This book is a great primer on embodiment. The things we have been taught to believe about the mind/body divide are so engrained and can be so harmful! I found some chapters much stronger than others though this is definitely related to my own interests and knowledge. There’s something to learn here for everybody. I particularly liked the chapters on trauma, feelings, pain, and spirituality. I love reading books like this because I’m simultaneously applying my learnings to my own life and thinking about how to incorporate them into my work as a therapist.
Actually 4.5 stars. There were a couple chapters I scanned because I’d read similar info before, but the rest hit me exactly where I’m at and was beautifully written.
Oof. Tl;dr - liked the psychology in the middle, didn’t like the cultural and theological applications on the bookends.
I loved everything that echoed what I discuss and learn with my husband (MA counseling) and counselor (trained in somatic experiencing). I turned my mind into pretzels trying to see how her hypotheses meshed (or didn’t) with my worldview. I groaned at cursory coverage of topics better treated at book length (see My Grandmother’s Hands or Talking Back to Purity Culture).
As I try to make sense of embodiment and reject dualism and come to a right understanding of my existence, I’m looking for a book that encompasses the psychology and nails the theology. This wasn’t it. McBride (from what I’ve picked up) is great at her field - the psychology. Her theological approach, however, too greatly differs from mine for me to consider her a reliable authority or synthesizer. I value reading things I disagree with to clarify what I believe and understand others, but, for myself, in this area, I need someone I can trust before I can wrestle with someone I don’t.
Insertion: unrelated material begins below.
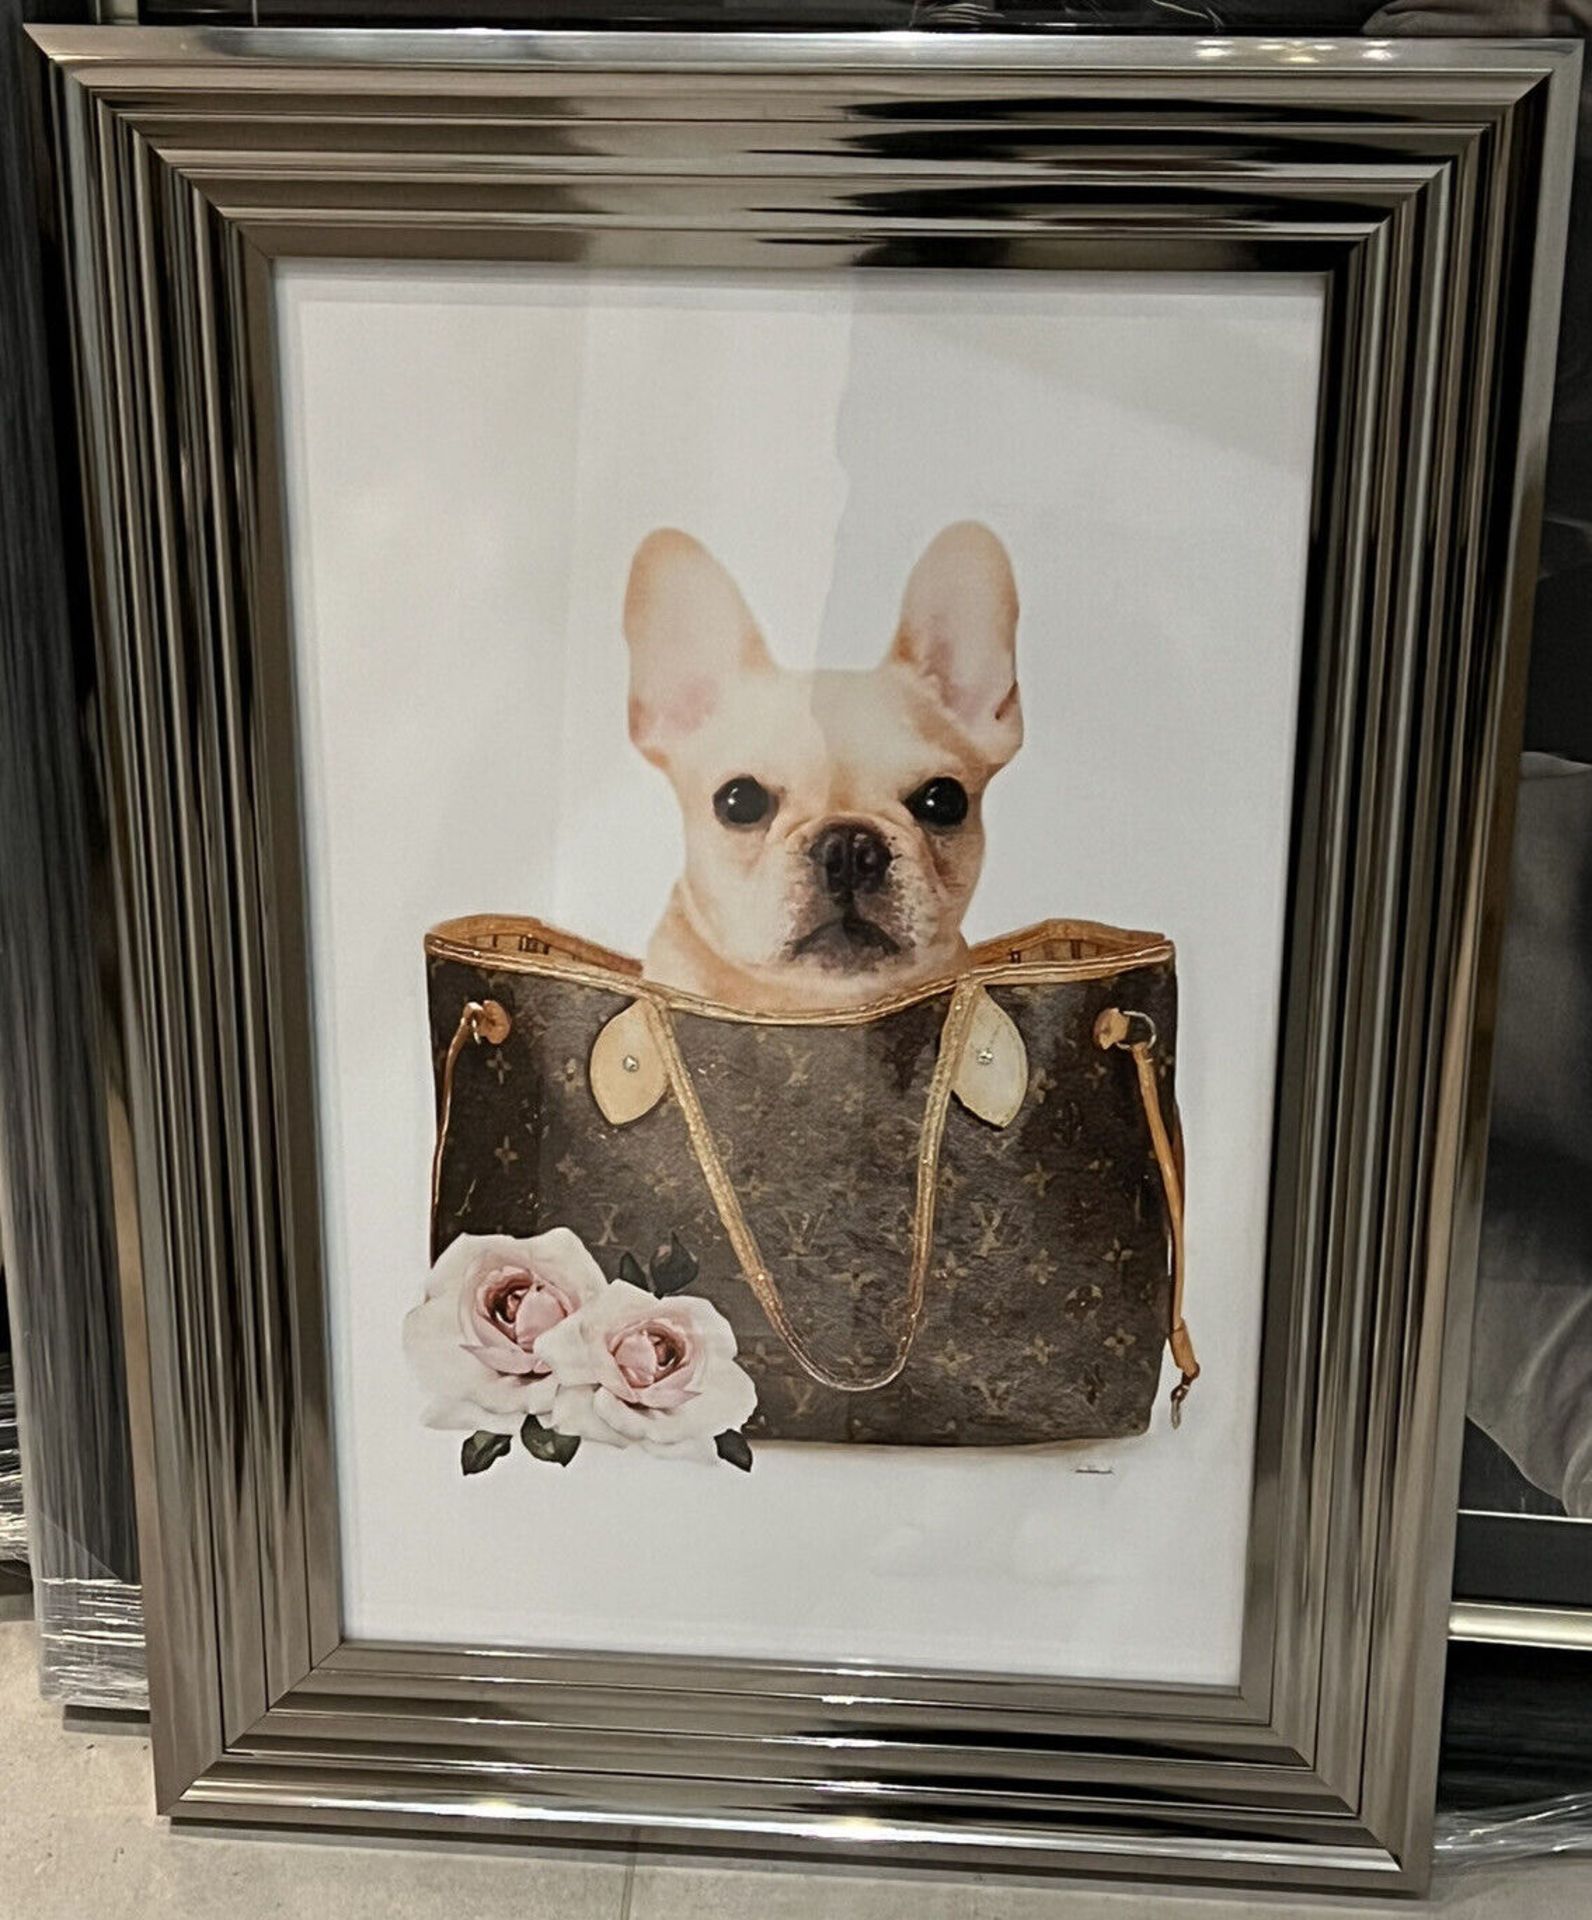 Designer Frenchie in a Handbag Art Piece - New - NO VAT !

//As a side, wholly recommend counseling and working on being present in the body. Anecdotally, it has been beneficial for me as an individual and in relationship with others.
It felt like this book was what I’d been missing my whole life. I’ll be rereading this one many times throughout my life too. It might be one of the best gifts I’ve given myself. I wish I’d learned all these things when I was much, much younger. The good news is that it’s not too late for me, even at my age. I’m excited to start a loving relationship with myself (finally!).
this made me consider the ways i was raised (sheltered, uber-christian) and how it impacted the way i saw myself growing up. it gave me tools to start considering as i'm now in my 20s and beginning to adopt body neutrality and understand what that means at this current point in my life and what it'll mean further down the line.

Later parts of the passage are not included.